Upon issuance of the Series A Preferred Stock, the Company classified the par value as preferred equity on its condensed consolidated balance sheets with the balance of the liquidation preference, net of any issuance costs, recorded as an increase in paid-in capital.
Common Stock
The following table lists the cash dividends on common stock declared and paid by the Company during the three months ended March 31, 2014:
|
| | | | | | | | |
Declaration Date | | Record Date | | Amount Per Share | | Dividend Payable Date |
January 23, 2014 | | February 15, 2014 | | $ | 0.36 |
| | February 28, 2014 |
During the three months ended March 31, 2014, the Company issued 175,096 shares of common stock as a result of restricted stock unit vestings and in connection with amounts payable under the Company's 2013 Bonus Plan pursuant to an election by certain participants to receive the bonus payment in shares of the Company's common stock.

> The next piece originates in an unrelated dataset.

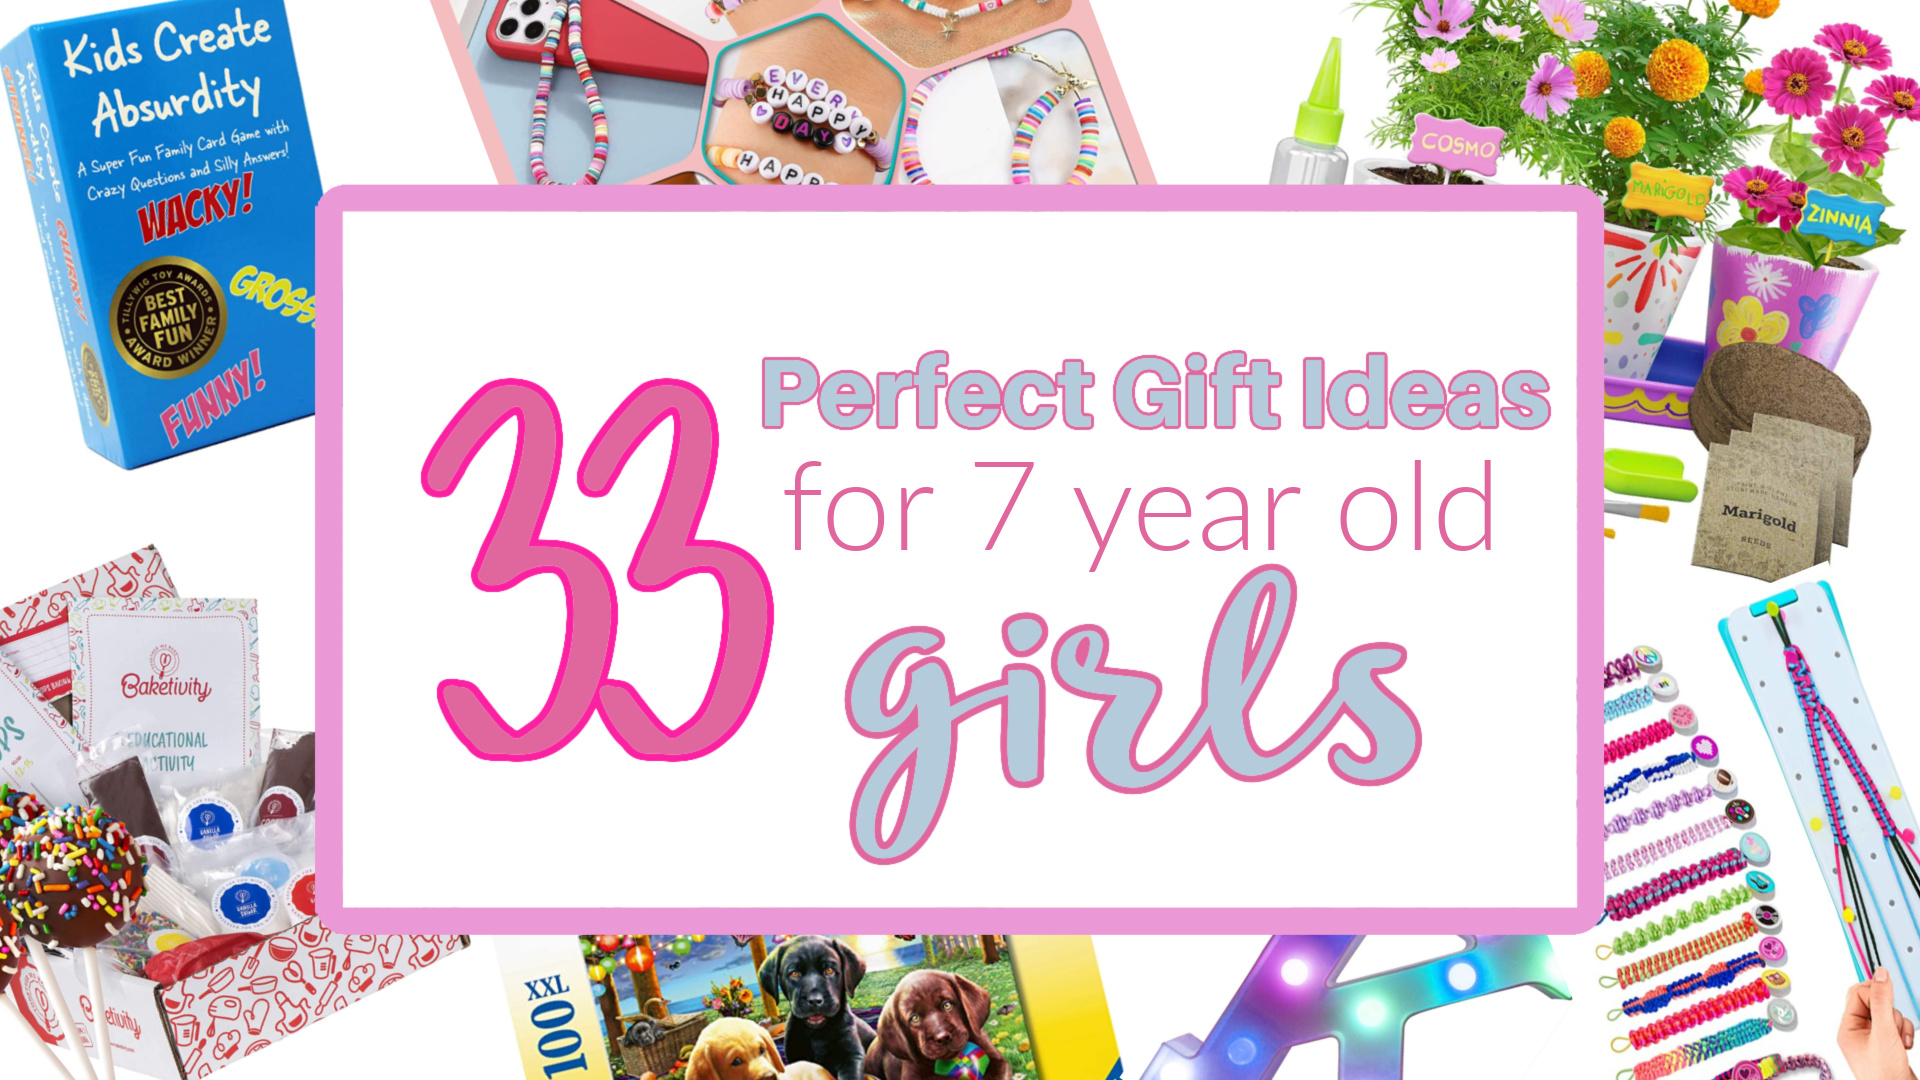 image at top of post that says 33 perfect gift ideas for 7 year old girls
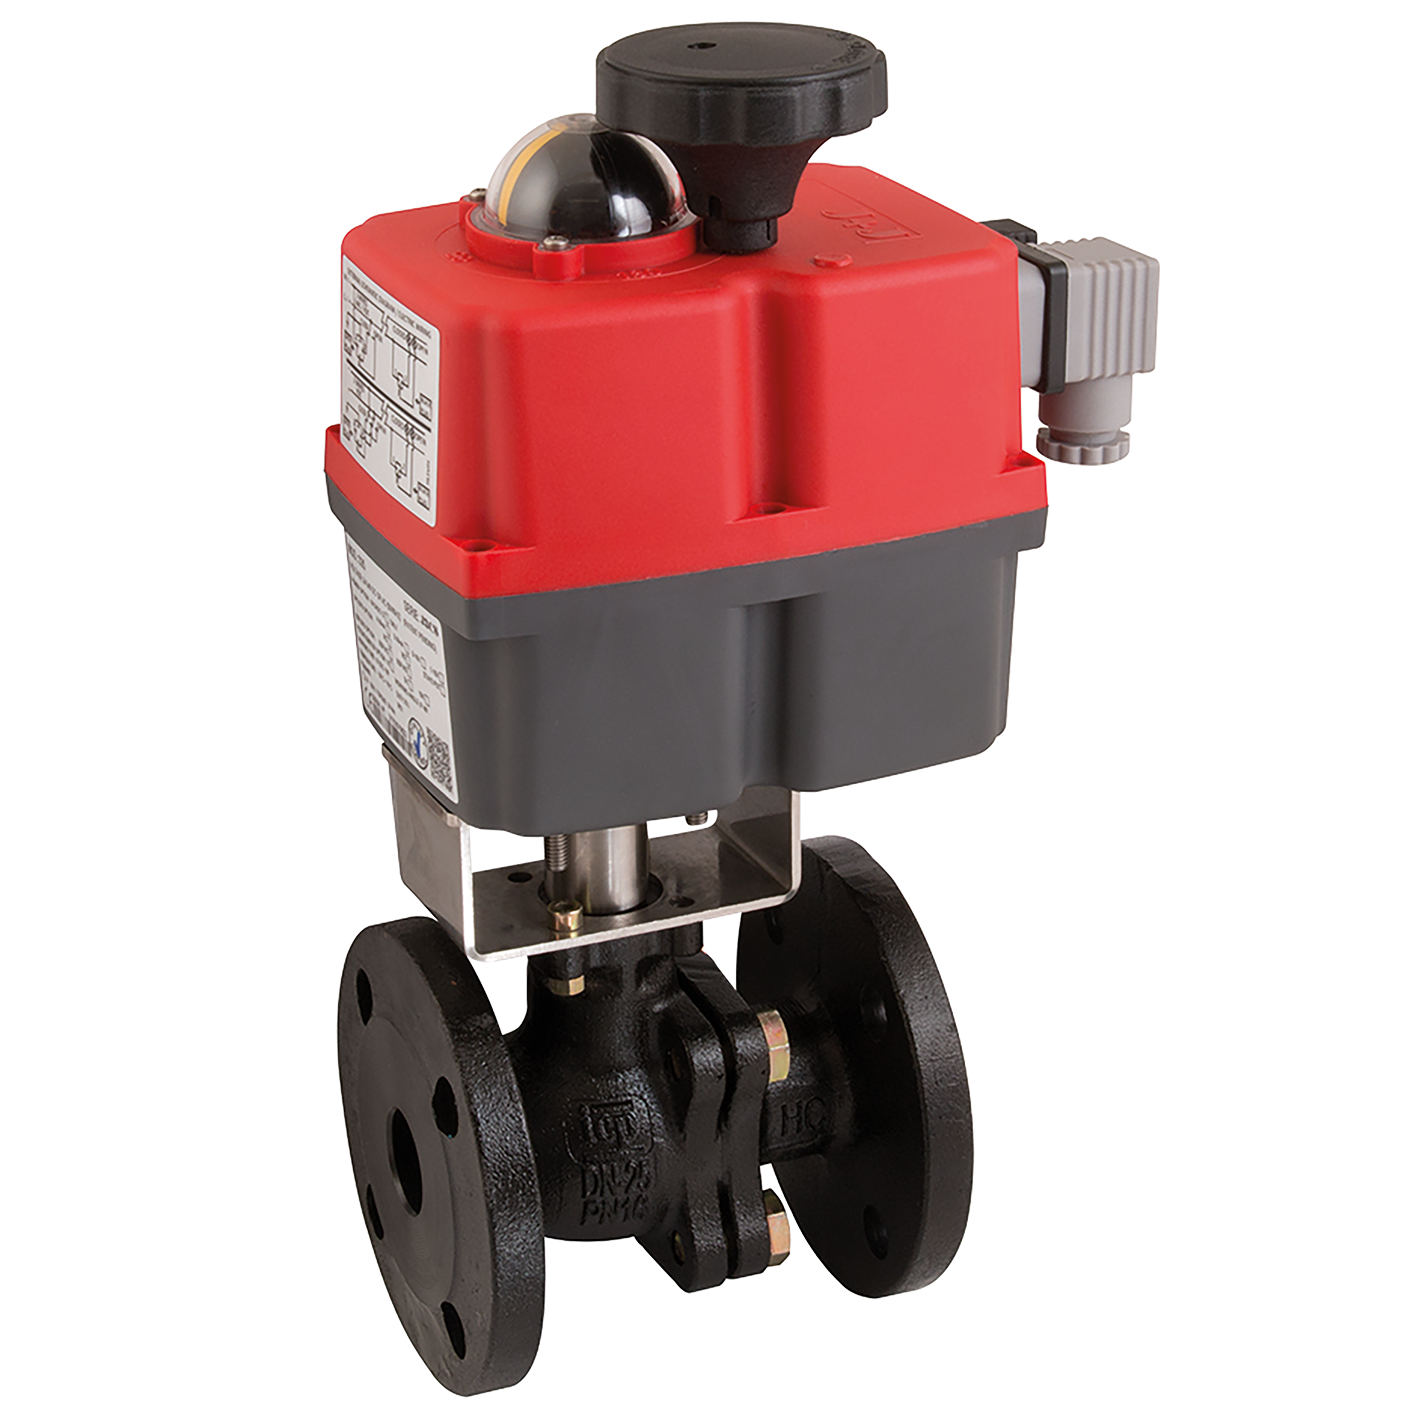 UK's Leading Suppliers of Electric Actuated Cast Iron Ball Valve

During the three months ended March 31, 2014, the Company issued 11,515 shares of common stock as a result of stock options exercised.
Upon any payment of shares as a result of restricted stock unit vestings, the participant is required to satisfy the related tax withholding obligation. The 2009 Performance Incentive Plan provides that the Company has the right at its option to (a) require the participant to pay such tax withholding or (b) reduce the number of shares to be delivered by a number of shares necessary to satisfy the related minimum applicable statutory tax withholding obligation. During the three months ended March 31, 2014, pursuant to advance elections made by certain participants, the Company paid $5.1 million in tax withholding obligations that were satisfied through a reduction in the number of shares delivered to those participants.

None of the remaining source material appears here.